[Records to use — start]
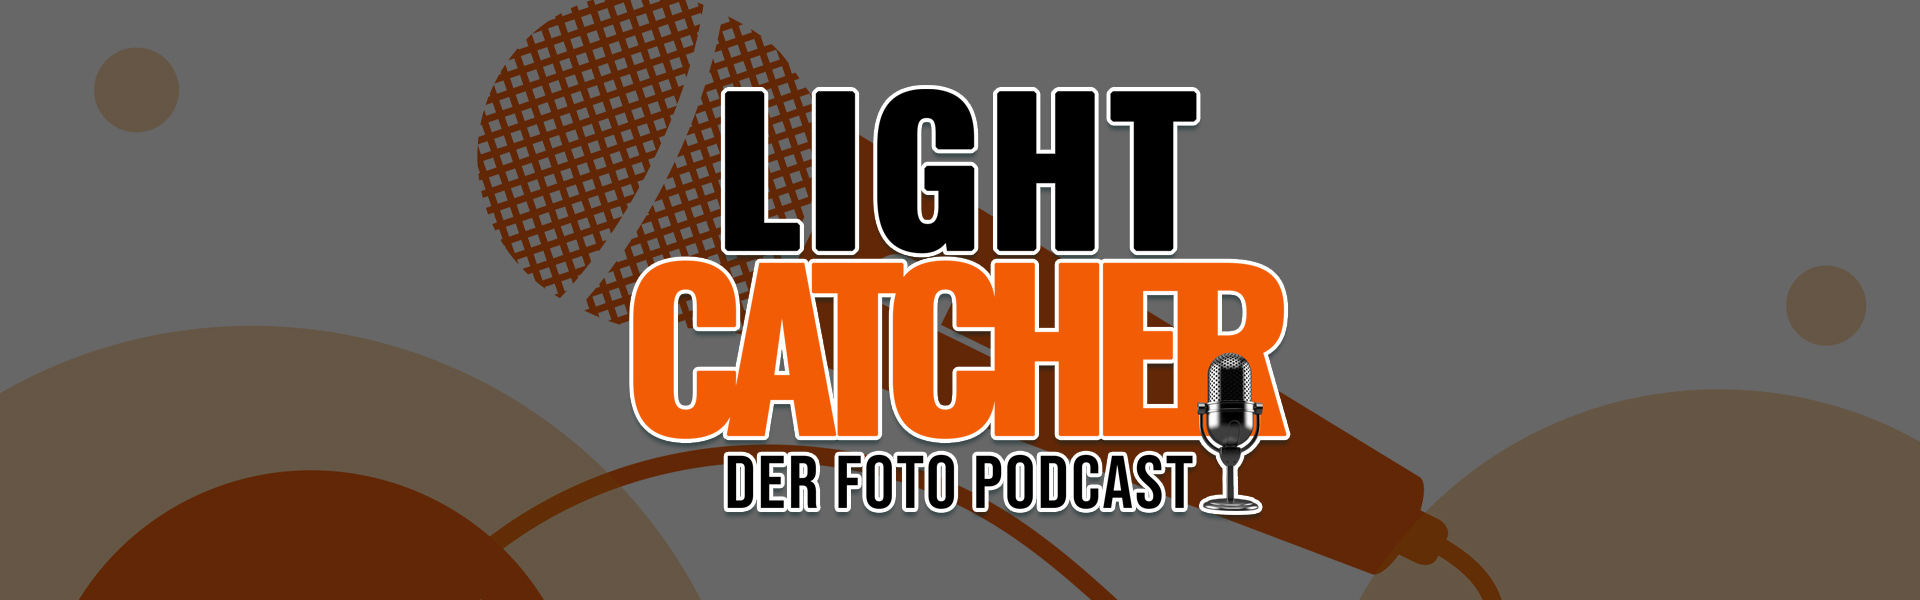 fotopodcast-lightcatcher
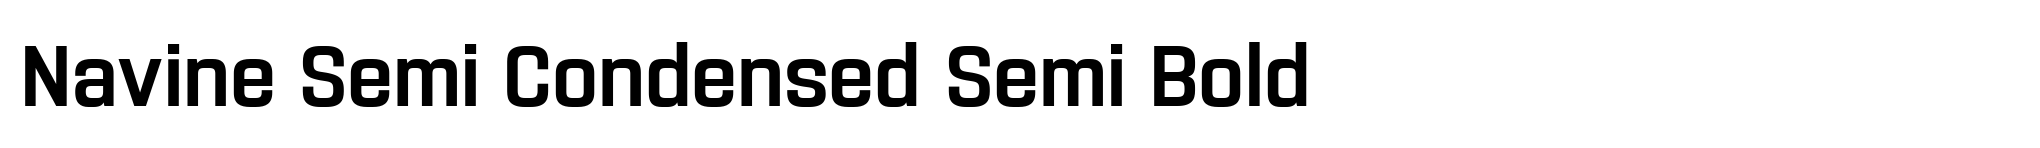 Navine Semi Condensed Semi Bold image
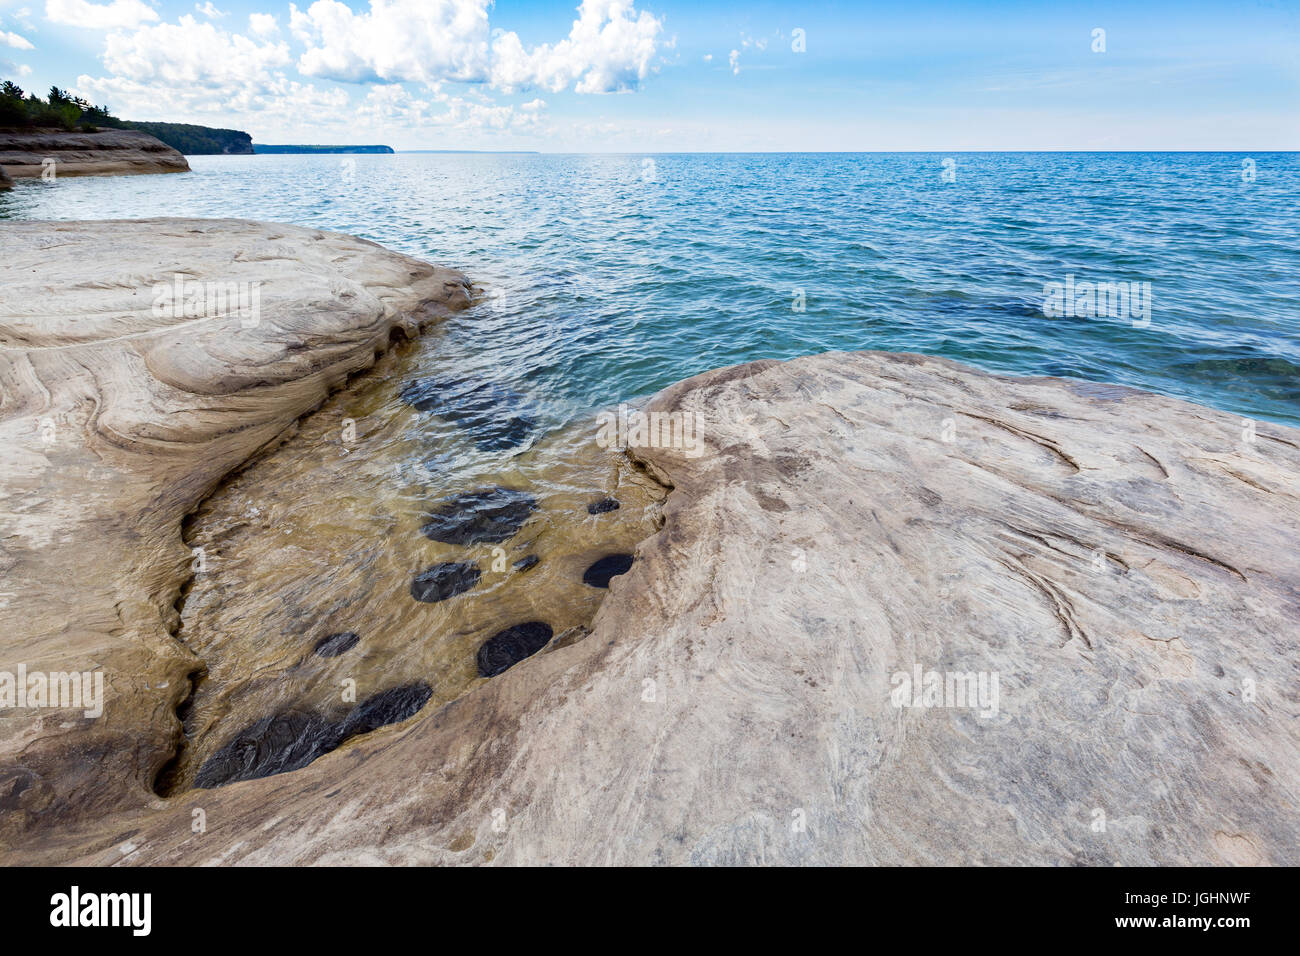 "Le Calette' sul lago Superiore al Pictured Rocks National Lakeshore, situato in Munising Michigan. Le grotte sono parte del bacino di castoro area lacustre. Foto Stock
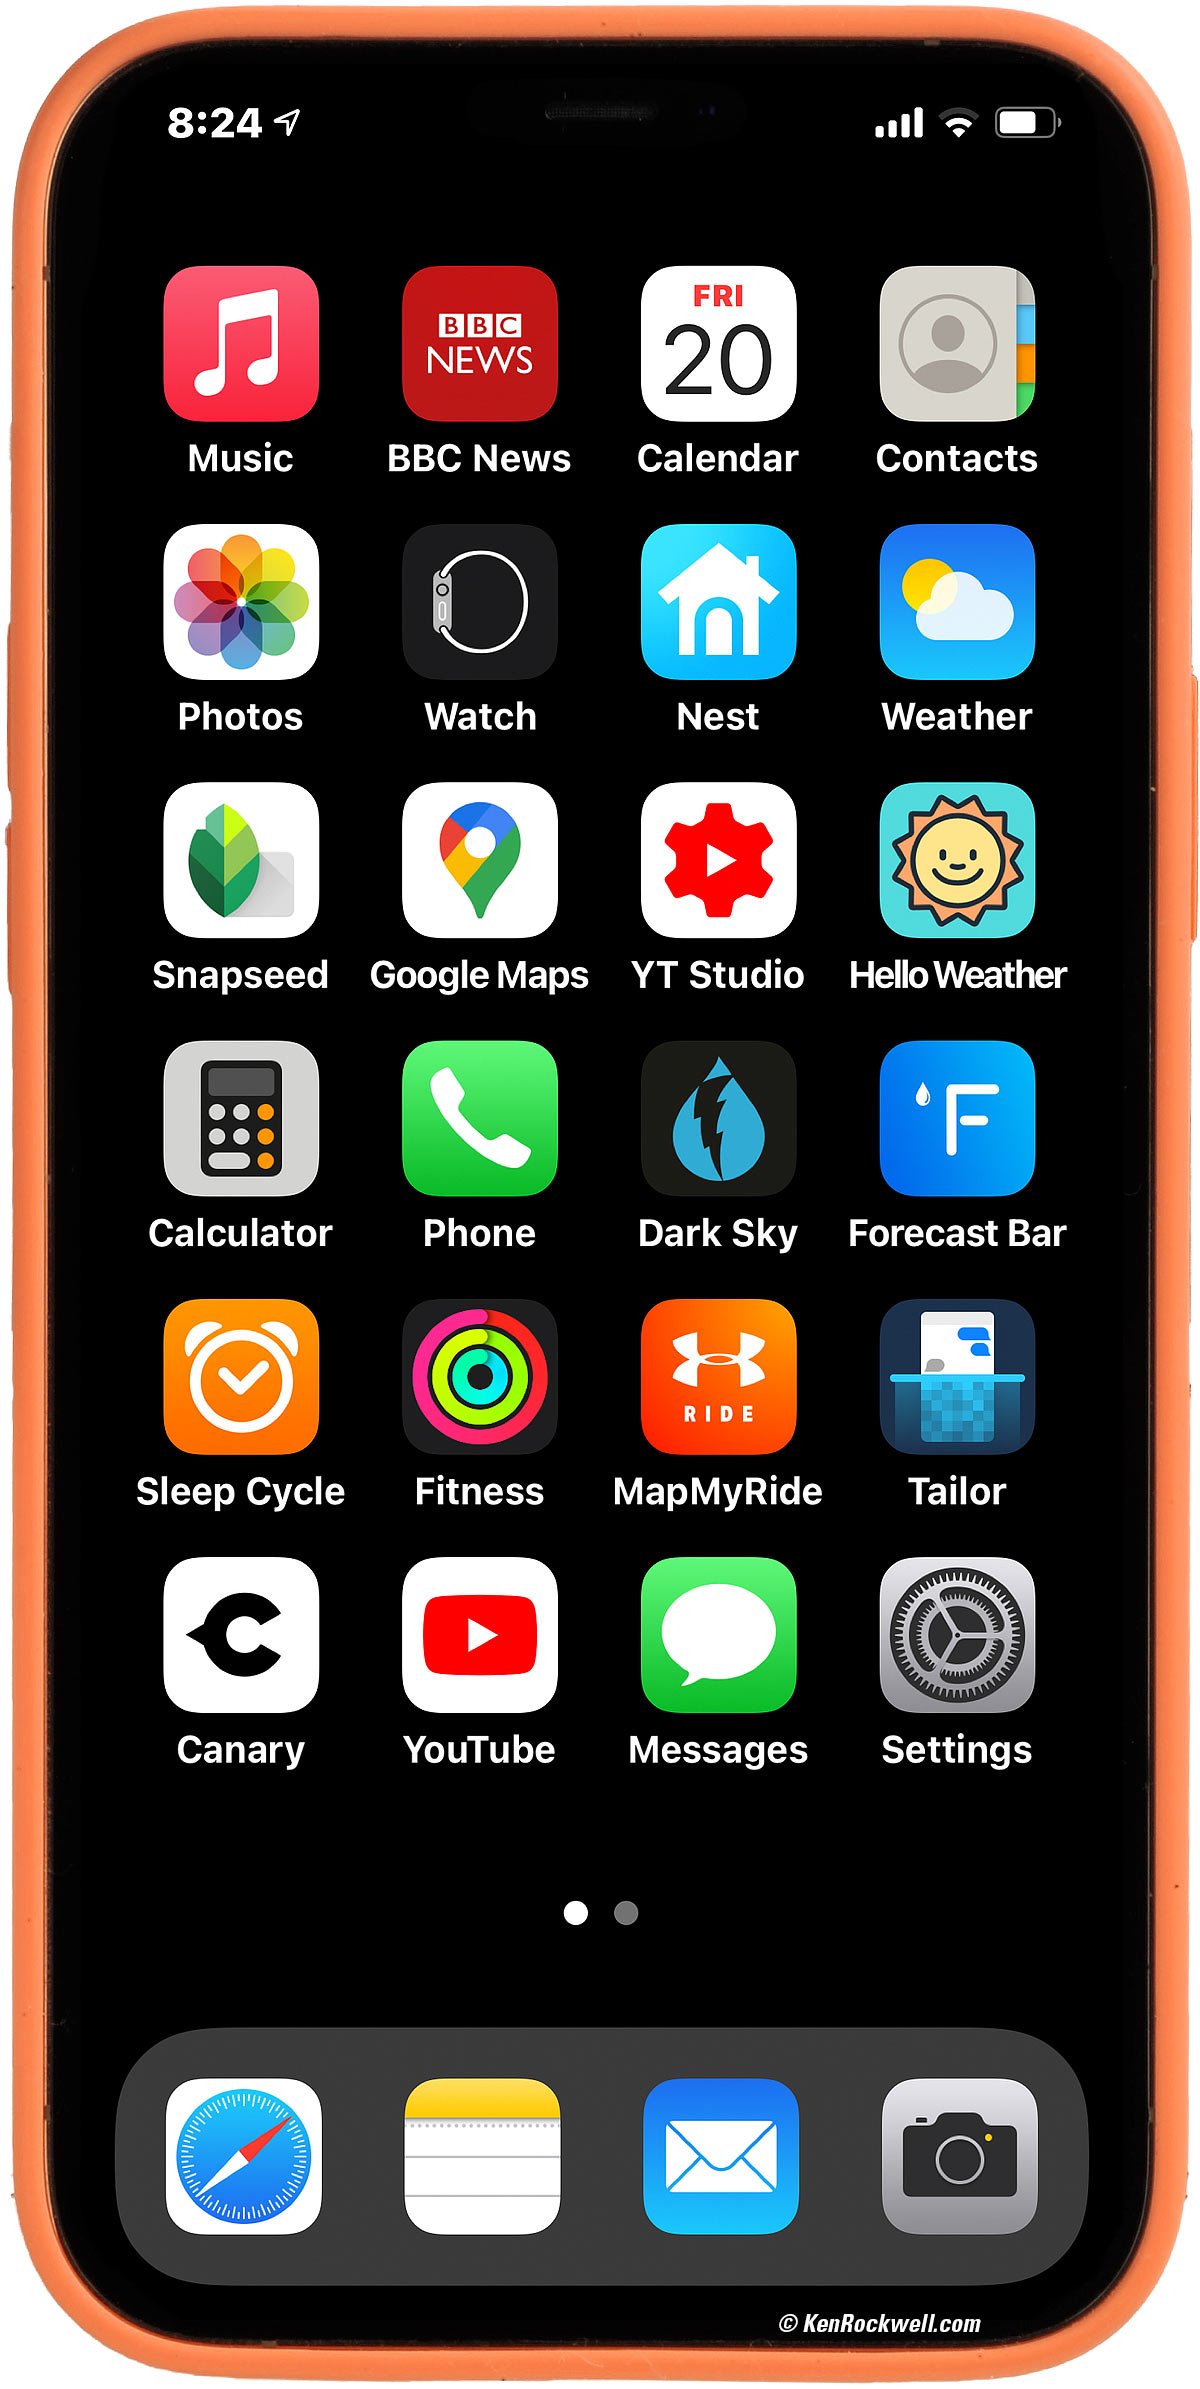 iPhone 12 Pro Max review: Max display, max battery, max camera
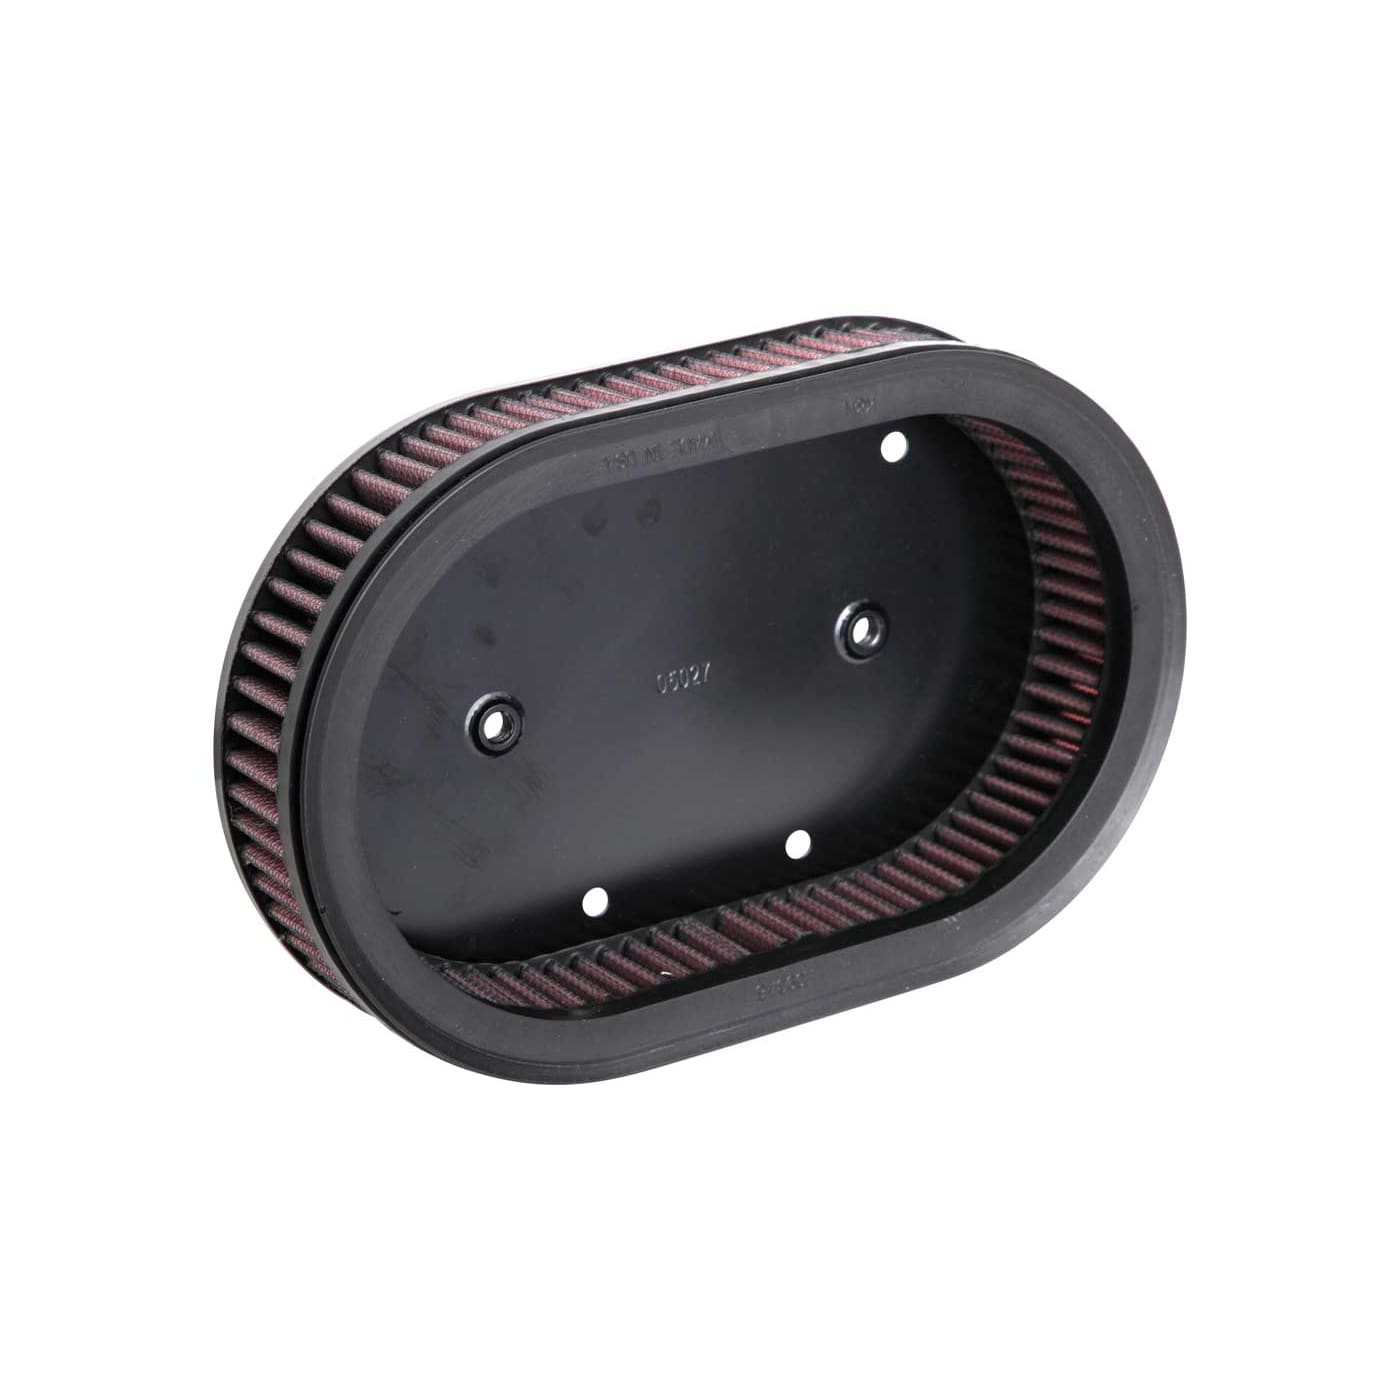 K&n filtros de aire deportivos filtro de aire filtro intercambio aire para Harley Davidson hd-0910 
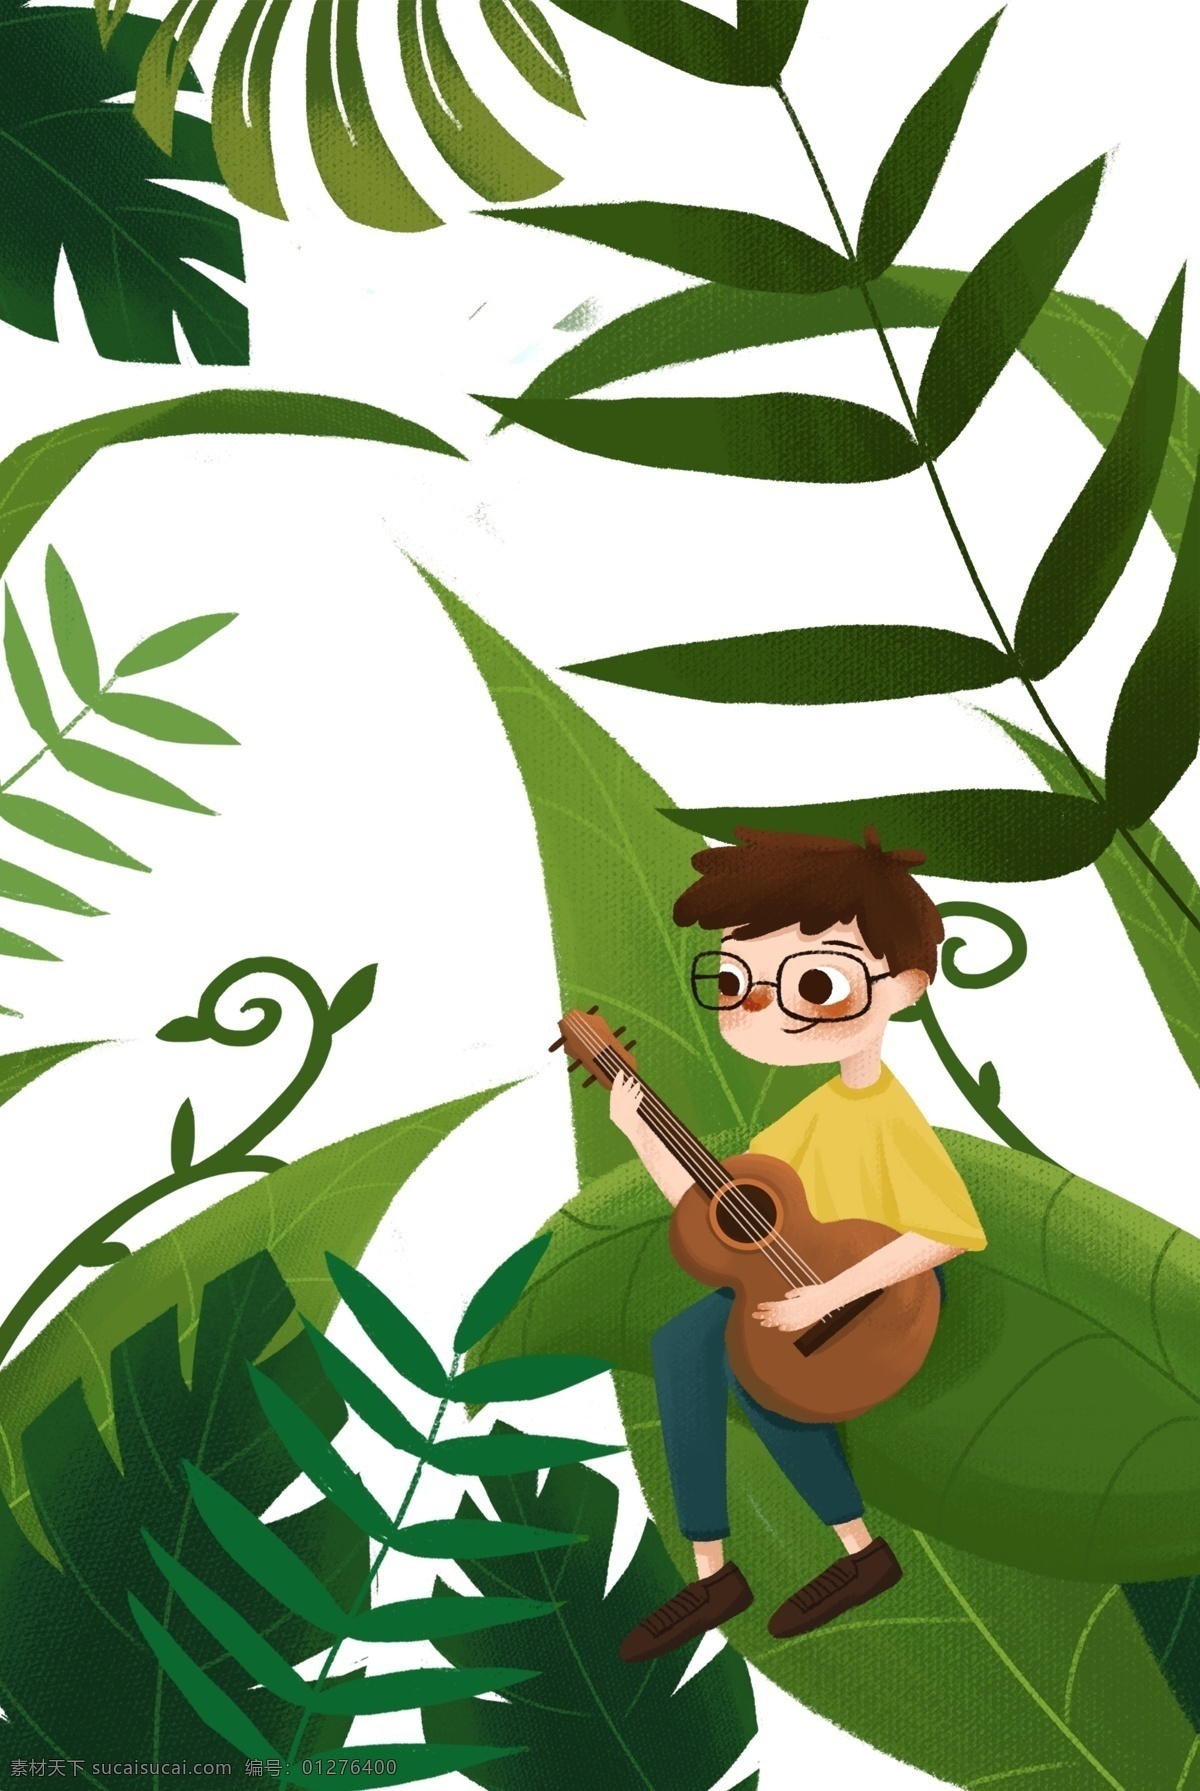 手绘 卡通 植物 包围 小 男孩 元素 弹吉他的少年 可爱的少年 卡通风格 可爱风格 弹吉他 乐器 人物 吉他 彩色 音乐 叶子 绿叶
[Records to use — finish]
Your answer must be the exact lines from the one containing "Navine Semi Condensed Semi Bold image" through the last line of the records above, with both included and no pictures.

 Navine Semi Condensed Semi Bold image
 "Le Calette' sul lago Superiore al Pictured Rocks National Lakeshore, situato in Munising Michigan. Le grotte sono parte del bacino di castoro area lacustre. Foto Stock
 iPhone 12 Pro Max review: Max display, max battery, max camera
 K&n filtros de aire deportivos filtro de aire filtro intercambio aire para Harley Davidson hd-0910 
 手绘 卡通 植物 包围 小 男孩 元素 弹吉他的少年 可爱的少年 卡通风格 可爱风格 弹吉他 乐器 人物 吉他 彩色 音乐 叶子 绿叶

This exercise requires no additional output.